The ultrastructure of mycobacterial biofilms has also been studied with different methodologies. Confocal laser scanning microscopy (CLSM) combined with two fluorescent dyes, Nile Red© (Sigma-Aldrich Co., St. Louis, MO, USA) and LIVE/DEAD BacLight© (Invitrogen, USA), has been used to analyze the phenotypic characteristics of biofilms formed by some RGM (growth rate, percentage of covered surface, percentage of live/dead bacteria, and autofluorescence), showing differences between species (Muñoz-Egea et al., 2013). In this study, Muñoz-Egea et al. showed that maximum thickness for Mycobacterium fortuitum and Mycobacterium chelonae biofilm was detected at 72 h, but other non-pigmented RGM reach maximum thickness at 96 h. M. chelonae covered a smaller surface area than Mycobacterium abscessus, but a greater area than M. fortuitum and Mycobacterium mageritense (Muñoz-Egea et al., 2013). Interestingly, autofluorescence, which has been found among different mycobacterial species (Patino et al., 2008), can be detected not only in sessile bacteria but also in the extracellular matrix. Patino et al. speculate that coenzyme F420 could be involved in this phenomenon.
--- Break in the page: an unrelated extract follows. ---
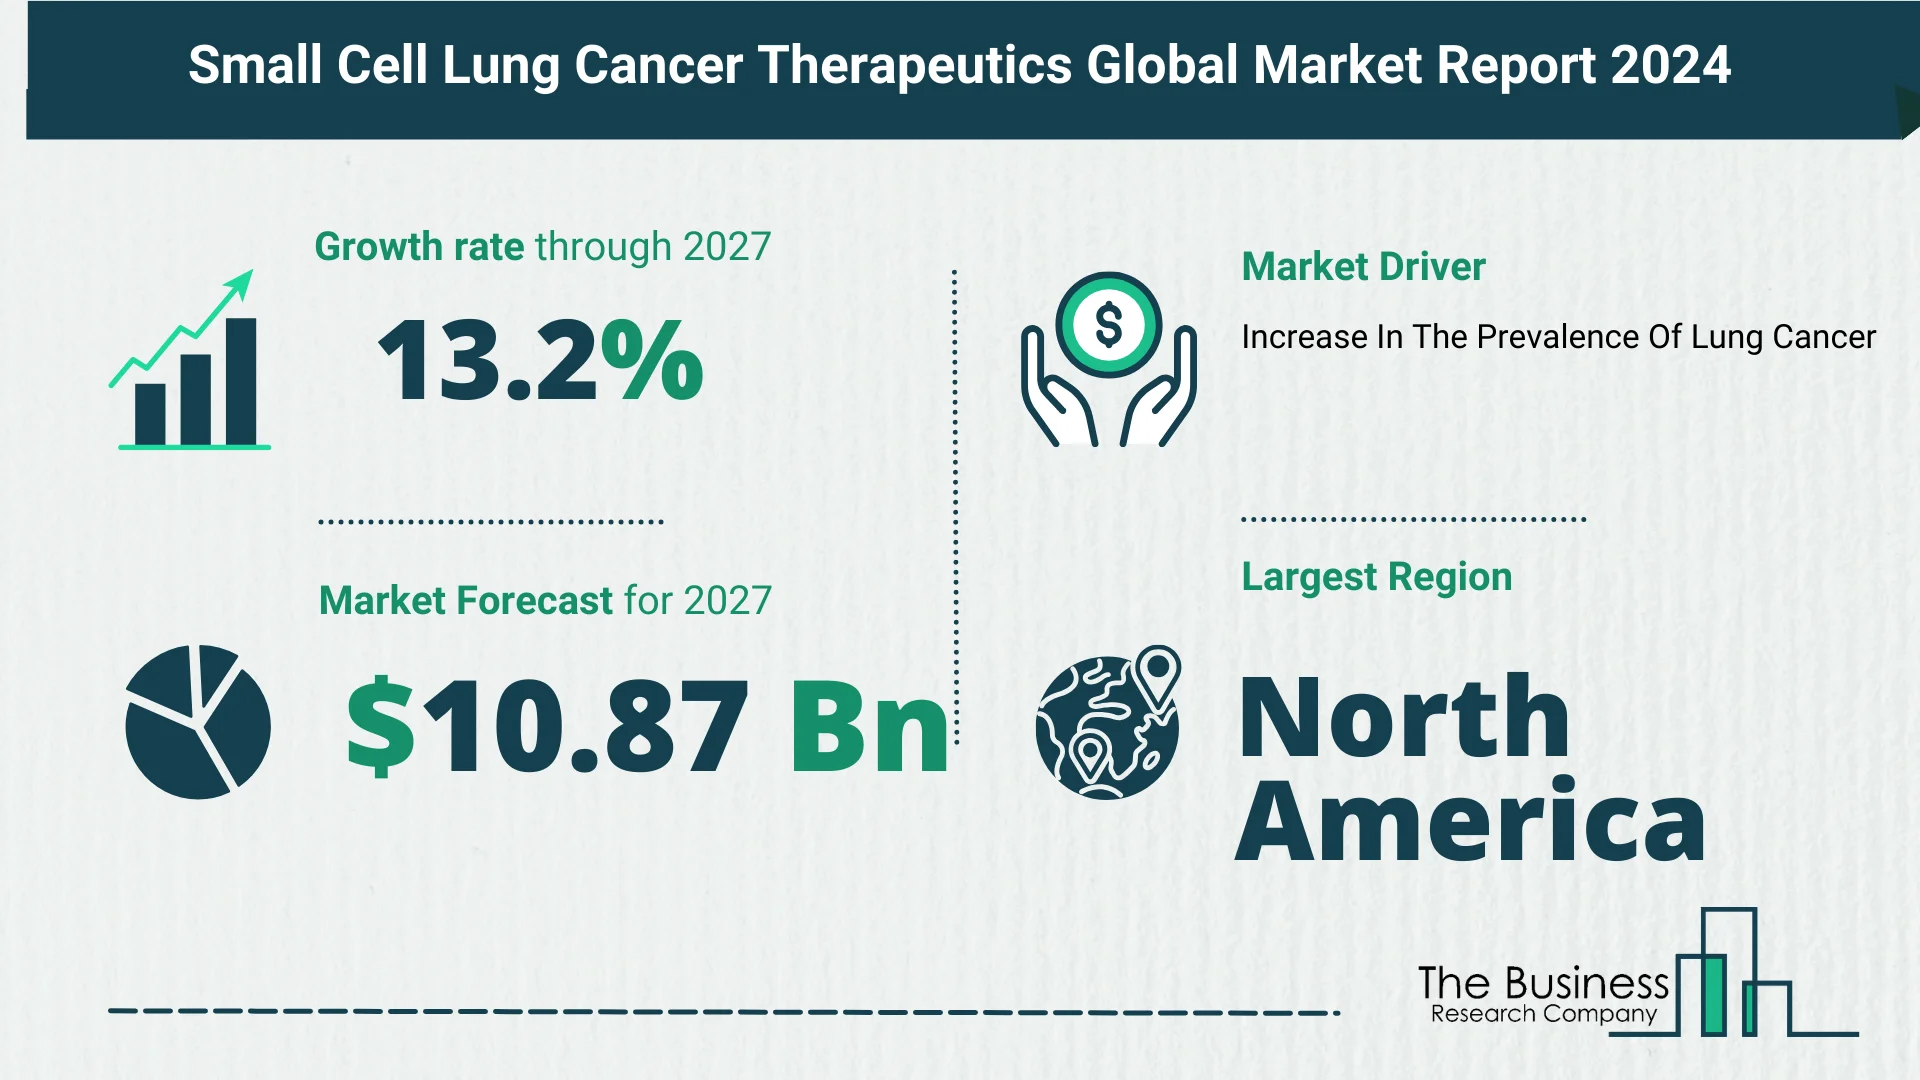 Top 5 Insights From The Small Cell Lung Cancer Therapeutics Market Report 2024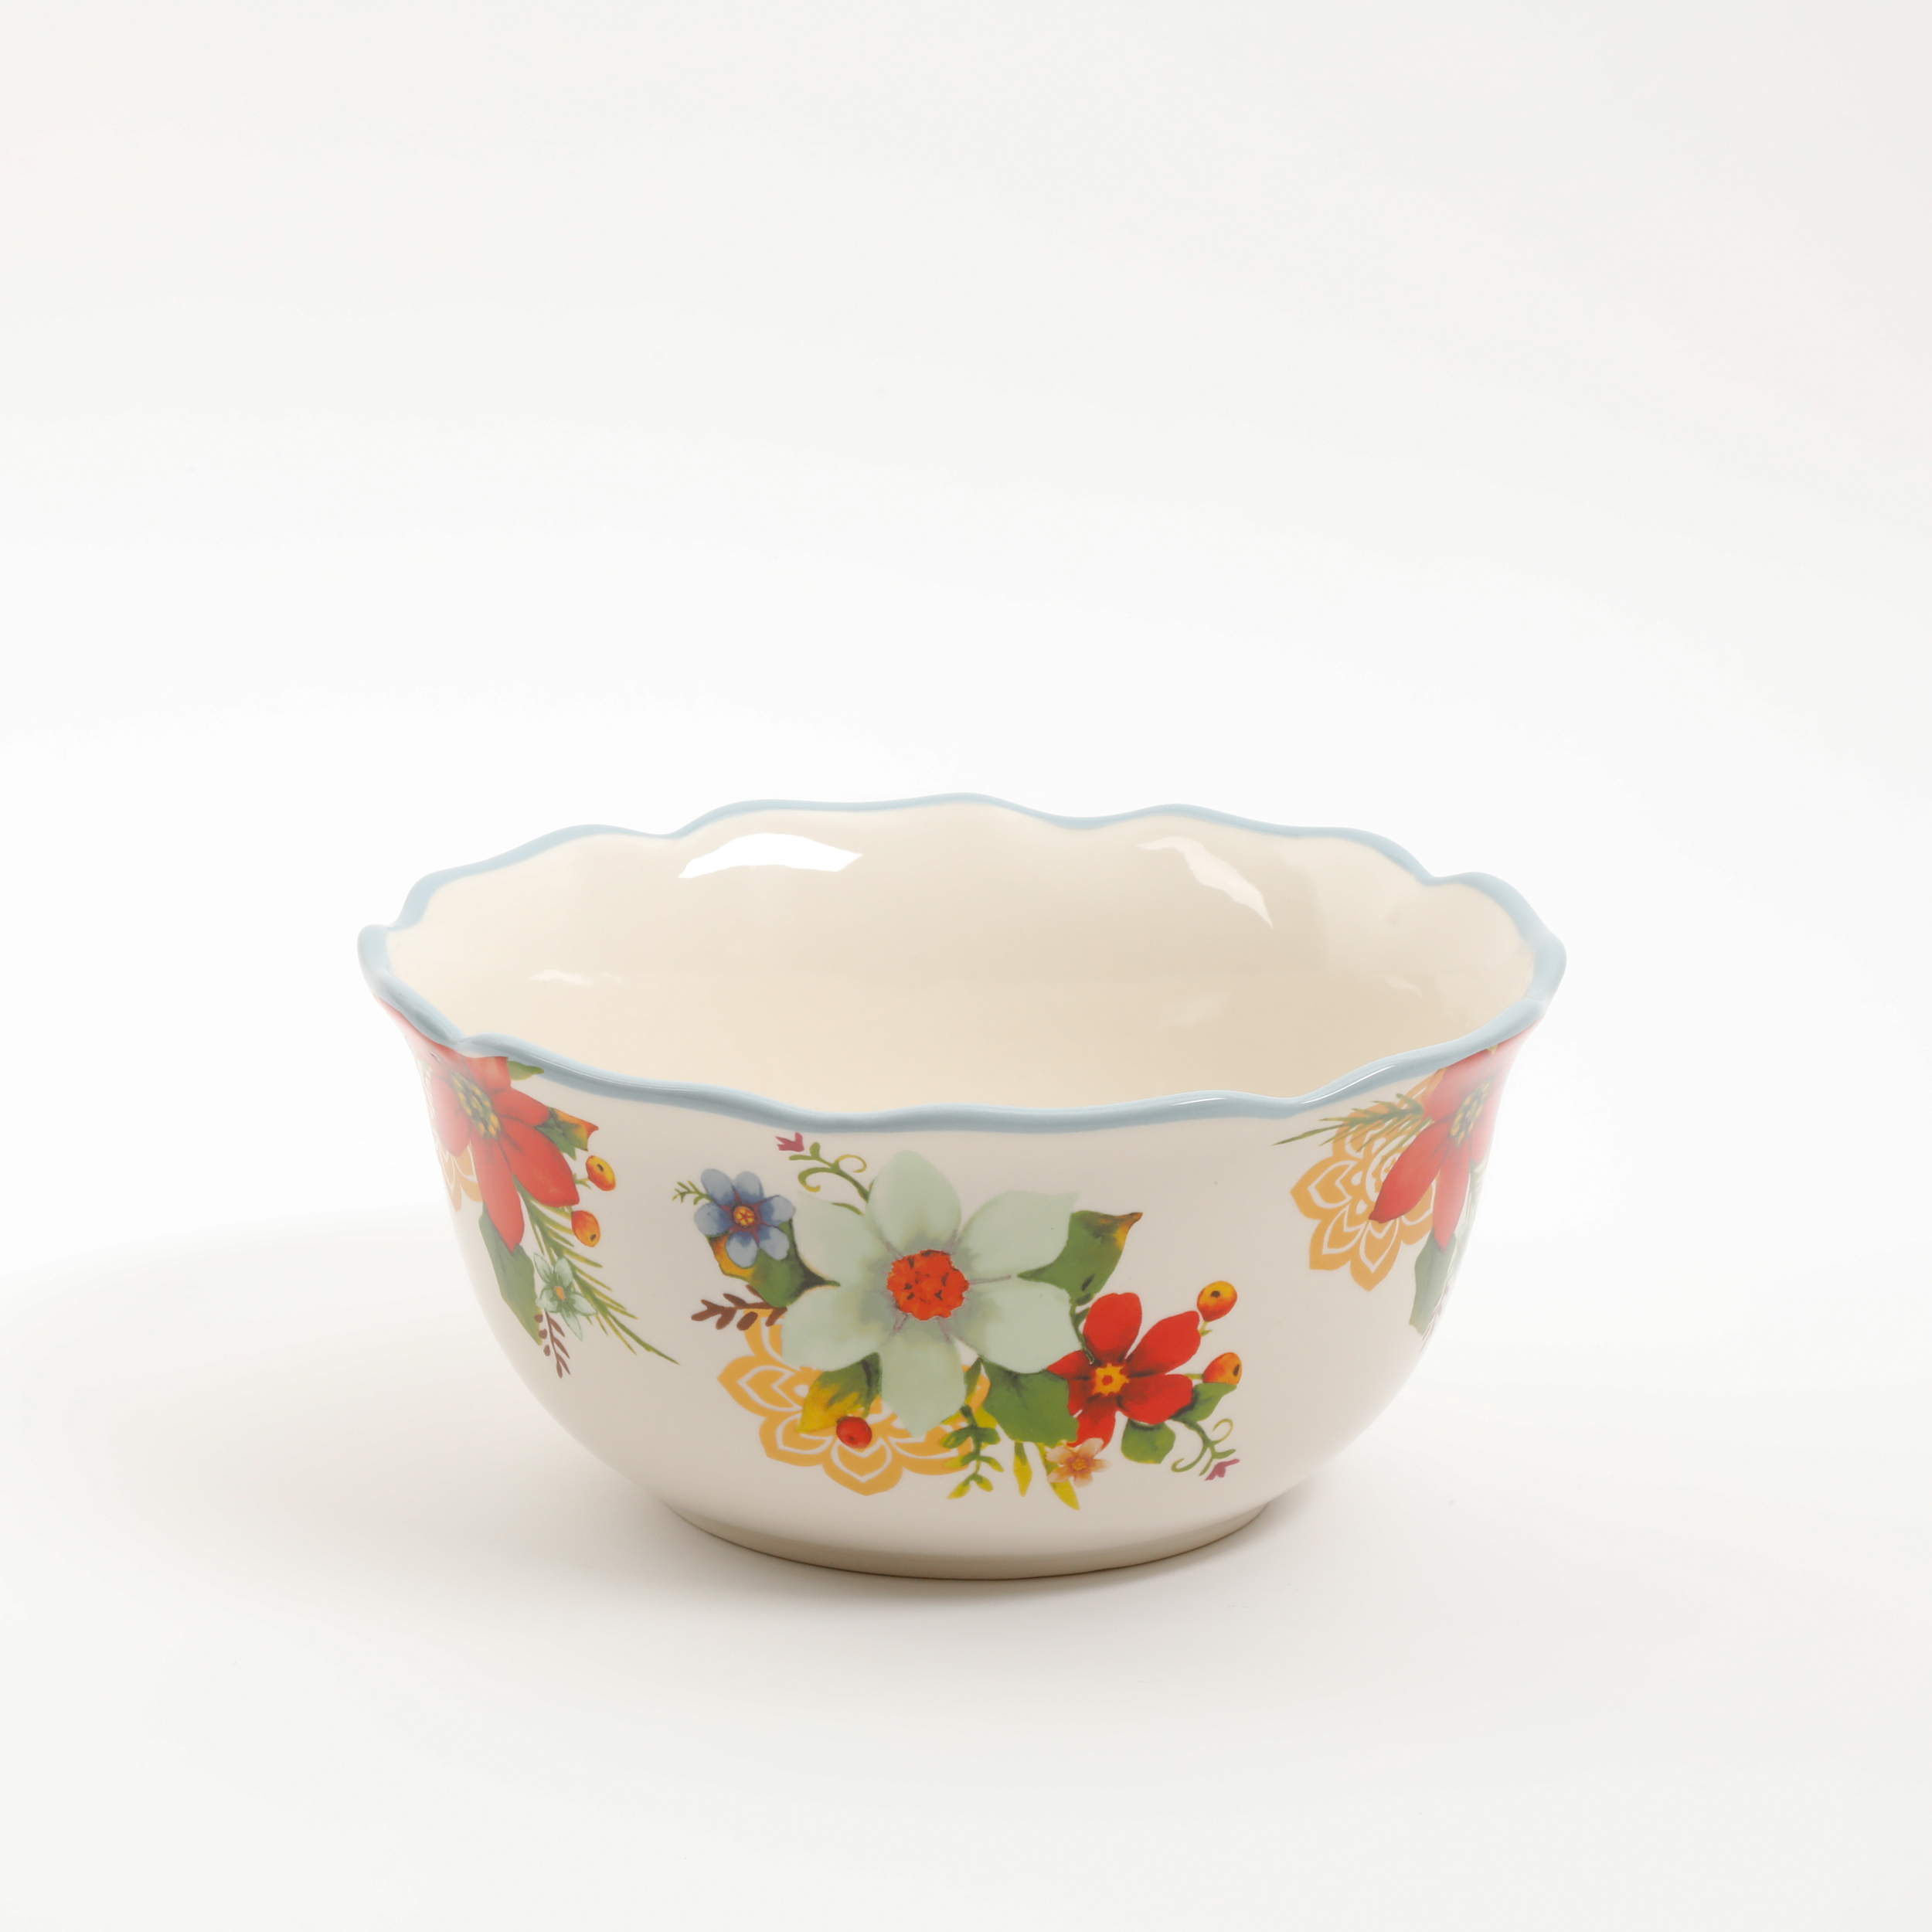 The Pioneer Woman Mint Bowl Set, 3 Piece - image 5 of 5

This molecule may be secreted by the bacterial components of the biofilm, and is thus detectable in extracellular matrix using CLSM (Patino et al., 2008; Joshi et al., 2013; Muñoz-Egea et al., 2013).

Growth characteristics also differ between Mycobacterium species. M. chelonae forms a biofilm that grows vertically, while M. fortuitum covers the entire surface with a thinner growth. Extensive cording is observed in the cases of M. abscessus and M. chelonae (Muñoz-Egea et al., 2013). Cording is associated with pathogenicity (Williams et al., 2009; Muñoz-Egea et al., 2013), and the deletion of a dehydratase gene that affects cording made M. abscessus strains avirulent (Halloum et al., 2016). Cording has long been considered an important property of M. tuberculosis strains, and contributes to the pathogenesis of tuberculosis (Maya-Hoyos et al., 2015). The implications of cording and biofilm development by M. tuberculosis are still being investigated (Caceres et al., 2013).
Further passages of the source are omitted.